Duermevela

Cyntia Moncada
Apropiarnos del cuerpo
¿Quién nos enseña a sentir? ¿Quién nos explica cómo gestionar esa marabunta que se agolpa en el pecho hasta que estalla? ¿Quién nos dice qué hacer cuando el cuerpo arde, cuando el deseo y el dolor se confunden? Nos enseñaron a sentir poquito, bajito, sin alzar la voz. Nos enseñaron a reprimir el placer, a desconfiar del cuerpo. Nos dijeron que la sexualidad era para complacer, para reproducir, pero no para habitar.
Durante siglos, el patriarcado ha hecho de nuestro erotismo una herramienta para su goce y nuestra domesticación. Por eso, apropiarnos de nuestro erotismo constituye un paso para recuperar el cuerpo como territorio. Es volver a habitarlo desde el deseo propio, no desde la mirada ajena. Audre Lorde lo nombra como fuerza vital: un manantial inagotable para quienes se atreven a explorarlo sin culpa. “Lo erótico —escribe— es una fuente de poder, asentada en un plano profundamente femenino y espiritual.” No se trata solo de sexo, sino de presencia. De estar encarnadas.

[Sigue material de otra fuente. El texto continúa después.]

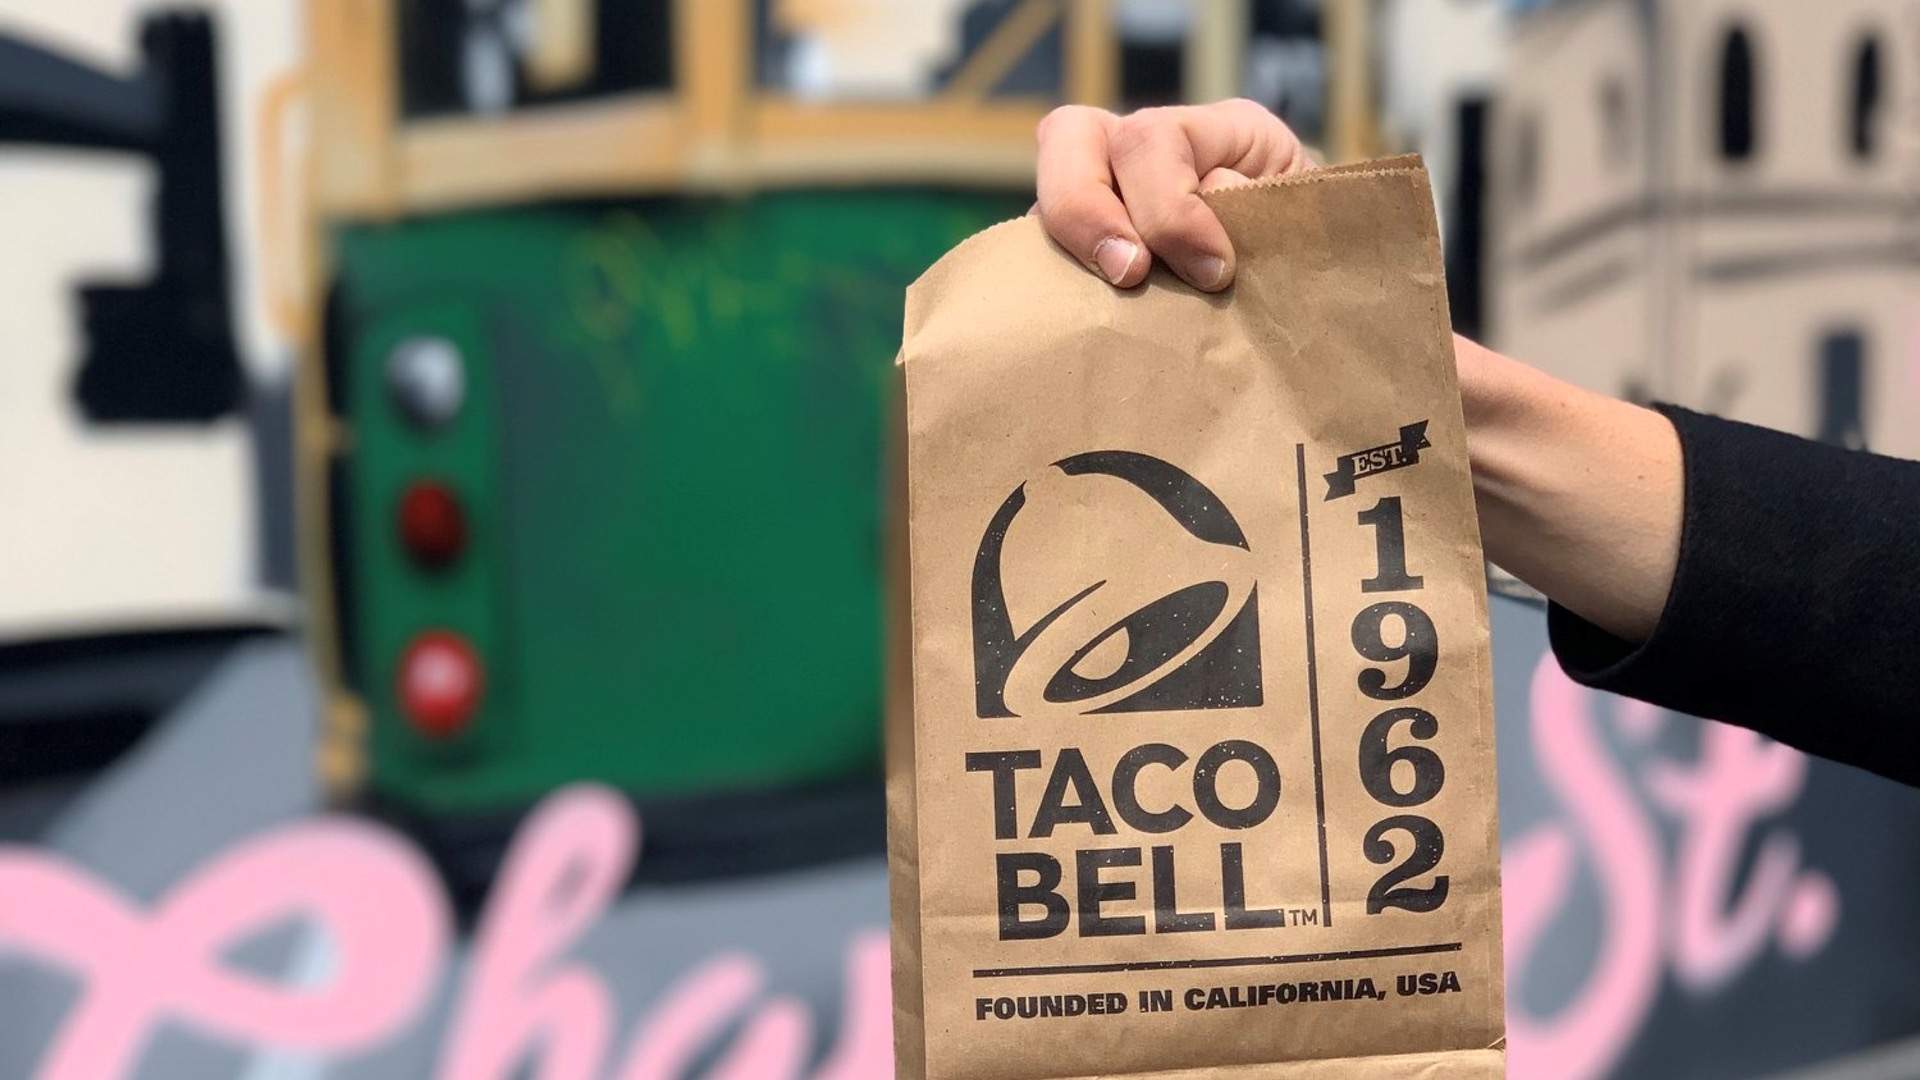 Taco Bell Is Now Offering Free Delivery So You Can Still Get Your Taco Fix in Iso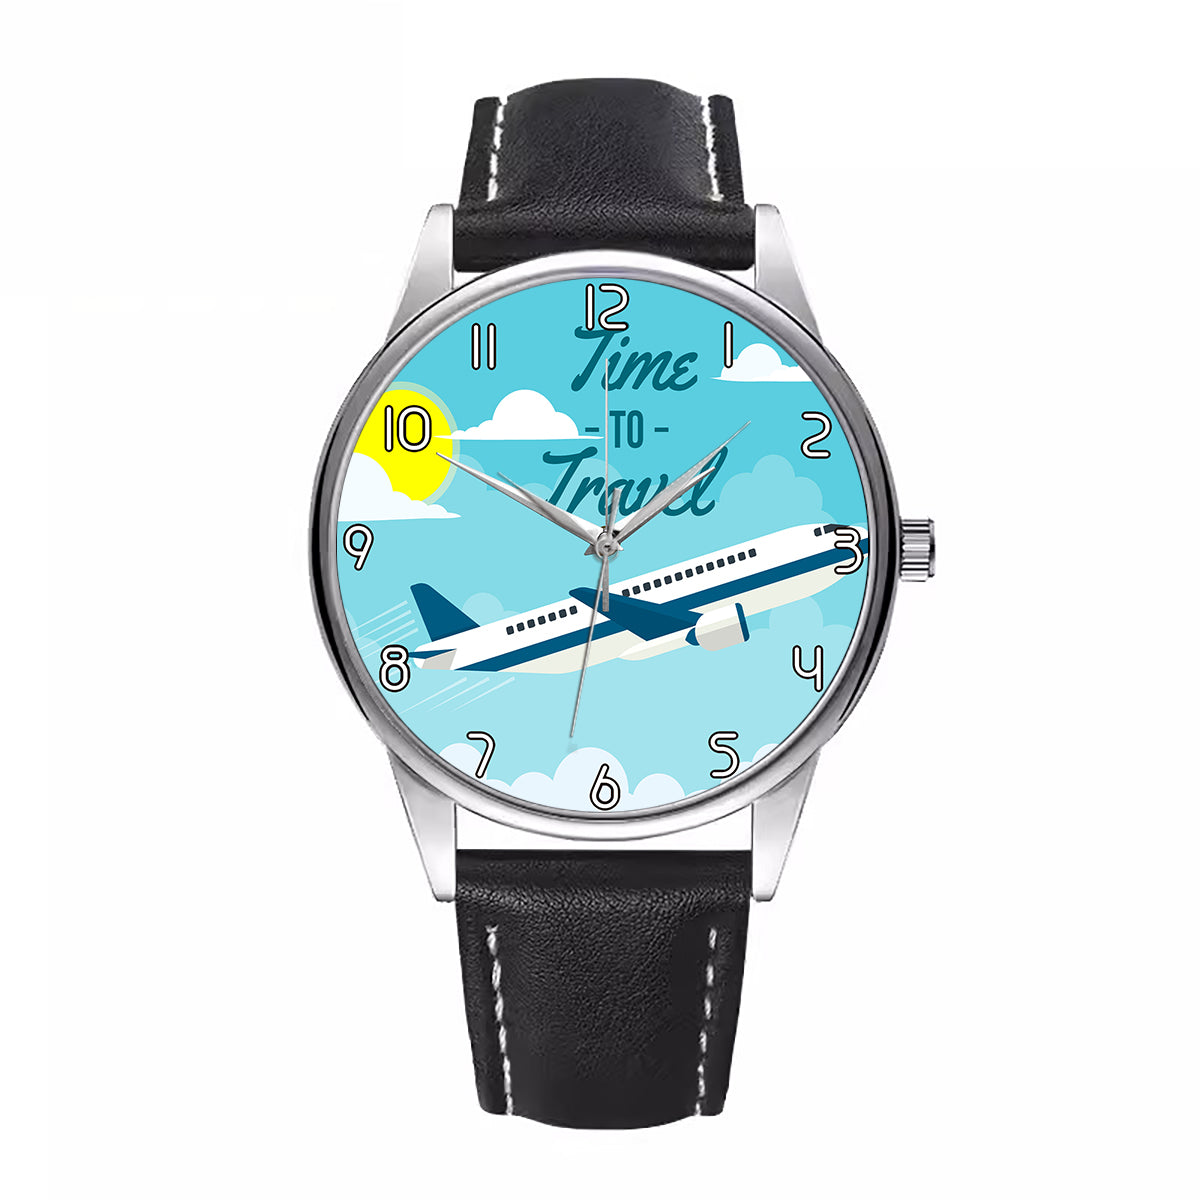 Time to Travel Designed Fashion Leather Strap Watches

Durante mucho tiempo, la experiencia erótica de las mujeres estuvo ausente —o silenciada— en la historia de la literatura. Cuando aparecía, era desde la mirada del deseo masculino: mujeres como objeto, como paisaje, como instrumento. Pocas veces como sujeto que siente, que goza, que decide.
Arrebatar ese espacio del arte en el que el cuerpo se convierte en “espacio de revelaciones” es también una forma de resistencia. En él, la poesía erótica escrita por mujeres se vuelve un sendero: una forma de volver al cuerpo, donde este se nombra desde adentro y se celebra sin culpa.
Lo dice Kyra Galván en un poema que es declaración de existencia y deseo:
“Te diré: soy mujer cedro, mujer angustia,
mujer como trigal, como violeta,
como sandía y tormenta.
Busco una isla para gestar en ella,
para inventarme mi libertad y mi cuerpo
y todos mis movimientos.”
No es casual que estemos tan desconectadas del cuerpo. Nos han enseñado a verlo desde afuera: corregido, domesticado, juzgado. Pero el feminismo también nos ofrece la posibilidad de reaprender. De volver al cuerpo como quien regresa a casa. De hacerlo nuestro.
Una vez, en una charla, una mujer dijo algo que aún me duele: “Hay mujeres que nunca han hecho el amor, porque todos sus encuentros han sido forzados.” Ese es el mundo que estamos intentando cambiar. Uno que, por fortuna, cada vez más juventudes comienzan a habitar con mayor libertad, con cuerpos que se sienten, que se gozan, que se nombran sin miedo. Porque el placer no debería ser un privilegio: es un derecho. El derecho al placer es también el derecho a existir en plenitud.
Apropiarnos del cuerpo no es un destino solitario: es el mapa de una revolución que empieza piel adentro y se extiende entre nosotras.